Standing under fluorescent lights at a San Francisco hospital, employees of Medisas Inc. were celebrating the debut of their medical records software. It was the product of two years of planning, coding, and countless meetings with hospital administrators, all driven by Gautam Sivakumar, the startup’s founder and chief executive officer. But Sivakumar spent that day at a computer in his childhood bedroom in England.
His face appeared on an iPad via video chat as colleagues toted him around the hospital “like a baby,” he recalled. “I’d say, ‘I need to talk to that person. Can you take me over there?’” The awkward arrangement was a byproduct of an all-too common phenomenon among U.S. tech startups: immigration limbo.

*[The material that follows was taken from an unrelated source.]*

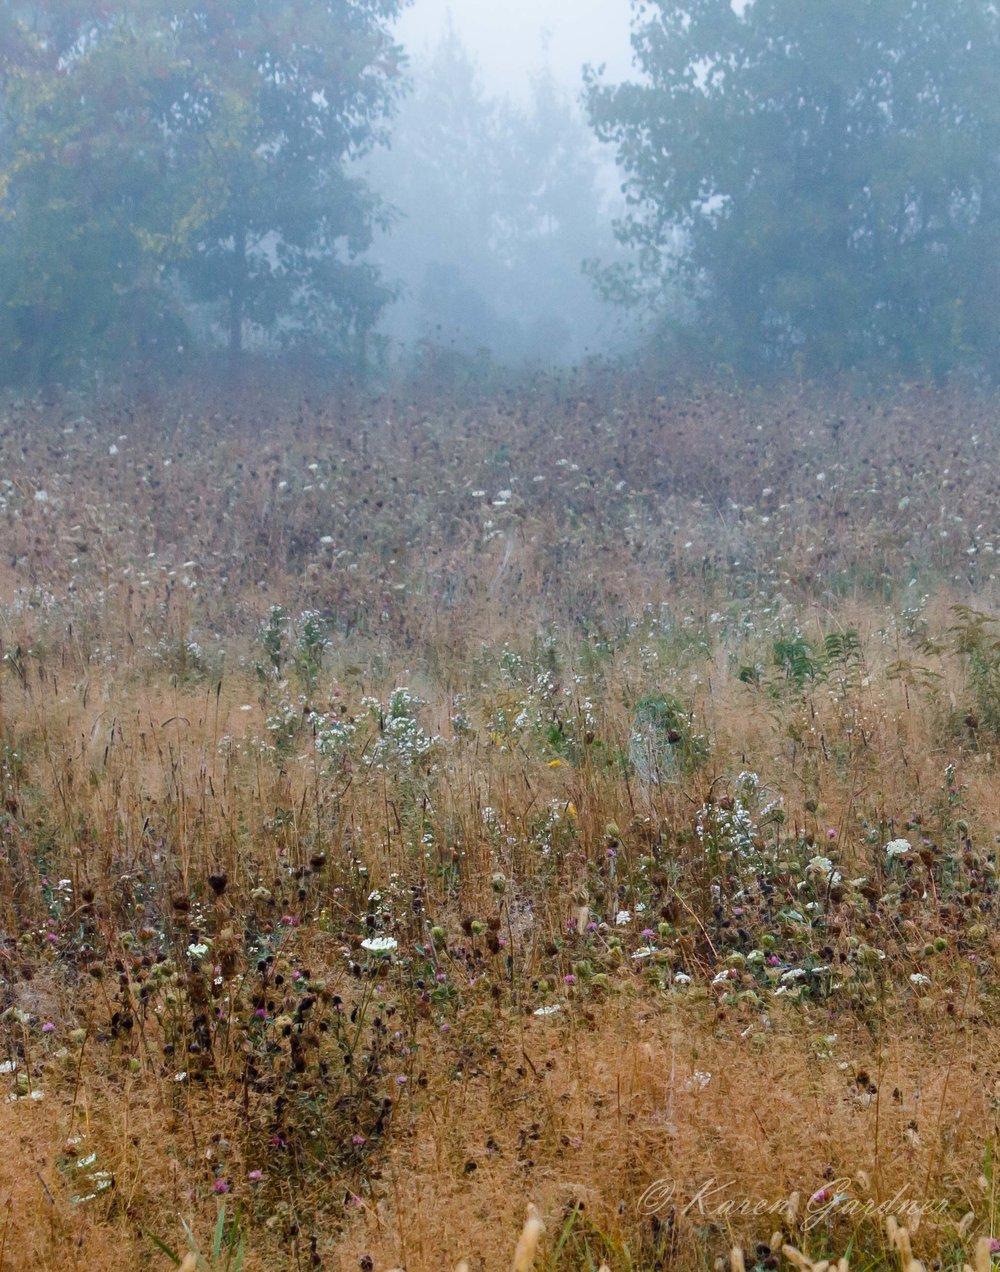 Hadley Field in Fog

When it comes to starting businesses, immigrants do more than their fair share. While 13 percent of the U.S. population is foreign-born, 24 percent of tech and engineering companies created between 2006 and 2012 had an immigrant founder, according to the Kauffman Foundation, a researcher that advocates for entrepreneurs. In Silicon Valley, the figure was 44 percent. Among those founders are WhatsApp CEO Jan Koum and Instagram’s technical lead, Mike Krieger. Kunal Bahl returned home to India to build e-commerce company Snapdeal after failing to secure a U.S. visa upon graduating from Wharton. Snapdeal was valued at $5 billion by investors last year and employs more than 4,000 people.
There is no visa specifically designed for foreigners who start companies in the U.S. A six-year effort to create one died in Congress last year. Legislation won’t have a chance at passing until at least 2017 and more likely not until 2022, said Craig Montuori, an advocate for reform who estimates that hundreds of founders in the U.S. are struggling to get federal work authorization. “We got a lot of support on Capitol Hill and very little opposition, but few people were willing to make it a priority,” he said.